Agoncillo, (EFE).- The exhibition “Animality. Animal Representations in the Würth Collection”, from the Würth Museum in La Rioja, includes 150 works by 85 artists, including Andy Warhol, Pablo Picasso, Joan Miró and Fernando Botero, to show “the animal metaphor” that “human beings have used to talk about many of the things he wanted to explain” through the beasts.
This is how the director of the Würth Museum of La Rioja, Silvia Linder, explains it on the occasion of the inauguration of this exhibition, which can be visited in this cultural space in La Rioja until February 18, 2024 after passing through the Würth Museums in Germany and France. .
Linder has explained that the whole of this exhibition has been made entirely with funds from the Würth collection and includes “different movements, artistic trends and techniques” from 1875 to 2020.
“Animality” speaks of “the animal condition, always in relation, precisely, with the human condition and with how humans, in some way, see themselves reflected in many of the actions of nature itself”, he has detailed.
In reality, art reflects how human beings have always looked at animals as “a mirror” in which to recognize themselves or in which to help themselves to understand the world; Furthermore, animals are “witnesses” to historical changes but they always retain a prominent role in myths, social symbols, popular wisdom and, as the exhibition proves, in art.
For this reason, the exhibition reviews “the development of the History of contemporary art in practically all its artistic manifestations: from the Academic Costumbrismo of the late 19th century to Contemporary Art, passing through the Classical Vanguards, Conceptual Art, Pop Art and the Neo-expressionism”, Linder has detailed.
This exhibition, he continued, “is guided throughout all its rooms by extracts taken from the essay ‘Why look at animals?’, by the British art historian John Berger” “which serves as a guide and guidelines to show and develop the exhibition through the rooms, which, on the other hand, are grouped by different sections”, he underlined.
A reflection on the climate emergency
One of the main sections of “Animality”, he continued, “deals with an important issue within the animal world, which has to do with the climate emergency and how the planet in which they all live affects humans and animals”.

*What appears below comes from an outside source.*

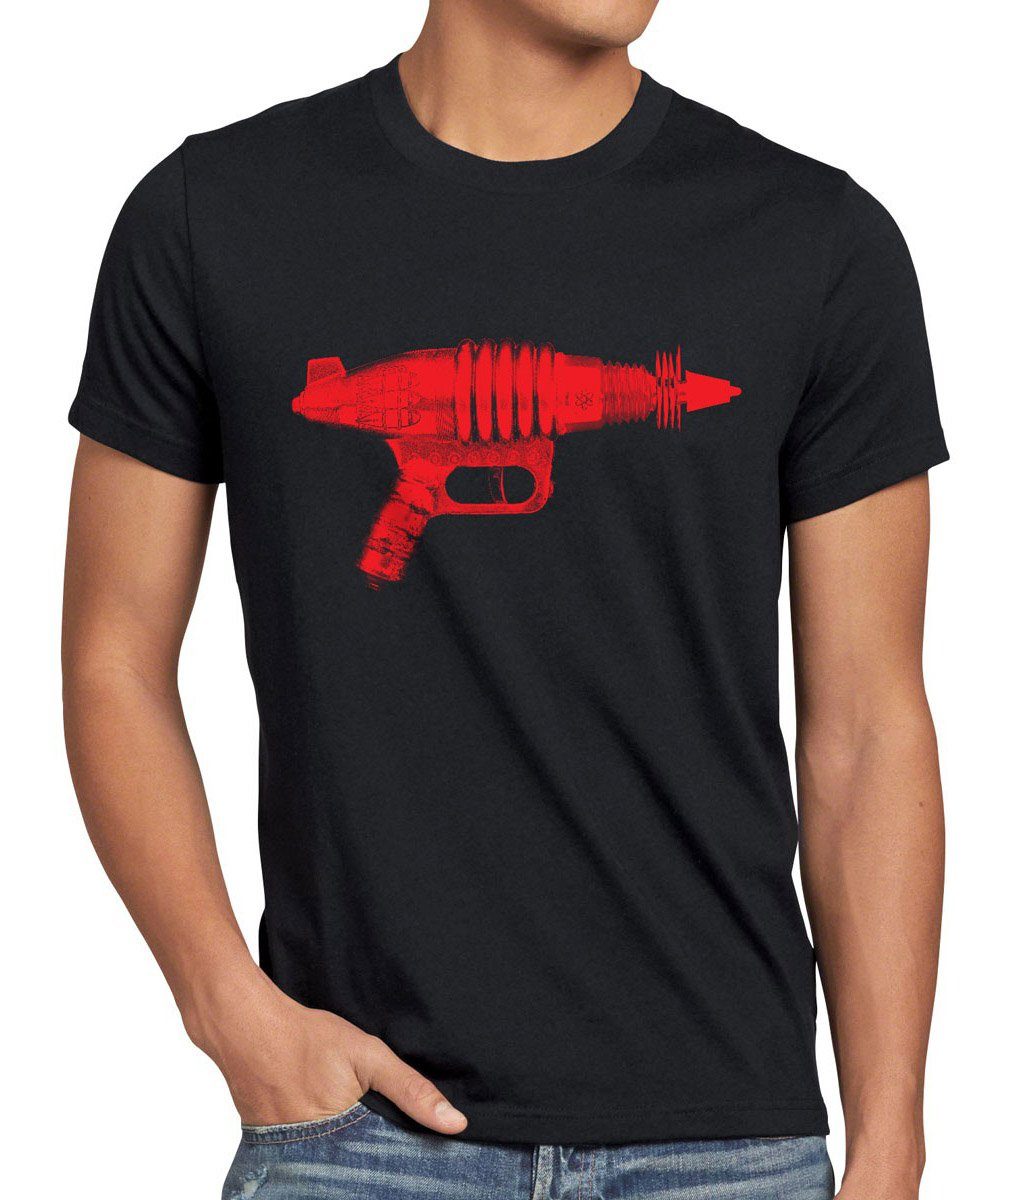 Theory schwarz Print-Shirt Big Alien Bang Space T-Shirt Gun SciFi style3 Herren Black Men Sheldon Cooper

For this reason, it has pointed out, under the sustainability guidelines of the Würth Group, in the exhibition and its graphic production the use of fully recycled or biodegradable materials has been sought.
“We start the exhibition with a spectacular work by a German artist Irmela Maier, which consists of a set of polar bear figures that speak, precisely, of this theme, and, from this room, we develop the tour of other sections of the exhibition who speak from the metaphor ”, has had an impact.
Linder has highlighted how the selection made for this exhibition includes “very varied artists with very different techniques, movements and ways of seeing” to show “how the same treatment (of the animal metaphor) has been captured through these plastic executions ”.